Let’s look at an example dataset. In this data, we are trying to study some measure of bacteria in a patient’s body after the patient receives a drug that is supposed to reduce it. Here is a set of dummy data that could represent this:

timestamp | concentration -- | -- 2021-09-01 08:00:00 | 100 2021-09-01 08:15:00 | 98 2021-09-01 08:30:00 | 97 2021-09-01 08:45:00 | 98 2021-09-01 09:00:00 | N/A 2021-09-01 09:15:00 | 96 2021-09-01 09:30:00 | 94 2021-09-01 09:45:00 | 93 2021-09-01 10:00:00 | 90

This is a great use case for WOCF. Since we are tracking a patient’s pain level, with the goal of reducing that pain level, we would not want to assume that the patient is feeling better than they are, as that could affect their long-term recovery. Thus, we would always want to assume a higher pain level than the reality, so we can heal them more. This would look like the following code block:

# Isolate worst pain value (in this case, the highest)
worst = df['pain'].max()

# Replace all missing values with the worst value
df['pain'].fillna(value=worst, inplace=True)
oldoc63 commented 1 year ago

What are the disadvantages?

Single imputation methods are very useful when we have missing data. By using these methods, we can easily and quickly fill in missing data from contextual information in the dataset. There are, however, some disadvantages to using single imputation methods.

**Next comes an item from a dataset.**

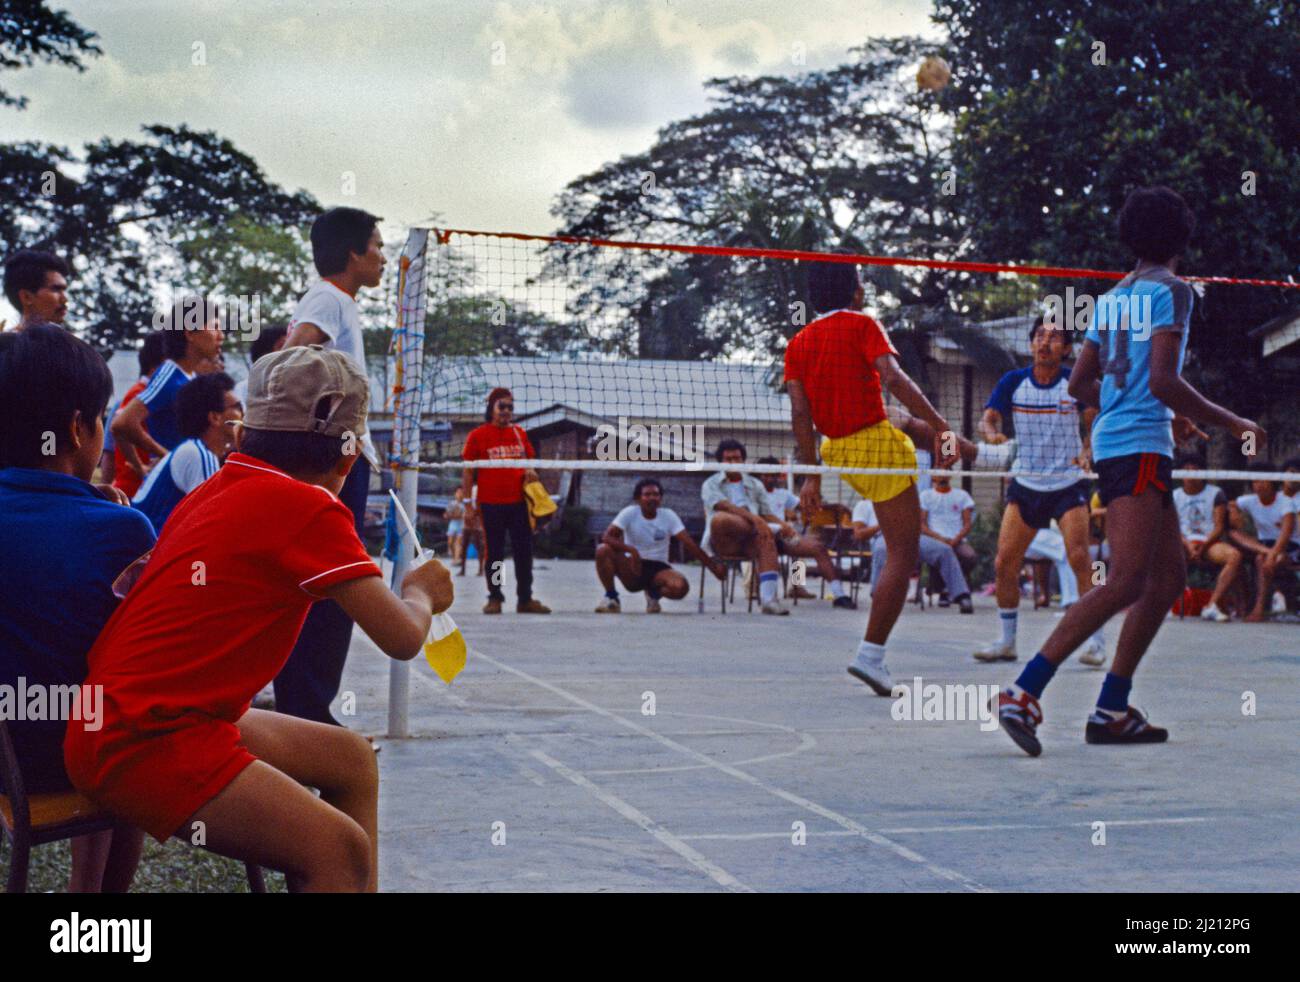 Kuala Lumpur Malaysia Sepak Takraw Amateur Sports Men Playing Volleyball Match Stock Photo

The biggest disadvantage of these methods is the potential for adding bias into a dataset. When we use single imputation, we assume that the data we are using to fill in the blanks is reliable and accurate for that observation. This isn’t always the case, however. Data often will change in unexpected ways. Single imputation will ignore these potential changes and will “smooth” out our data, which could lead to inaccurate results.

In general, single imputation can be an effective technique to handle missing data for our time-series datasets. While it might not be the most sophisticated approach, it can be a useful quick-fix in the right circumstances.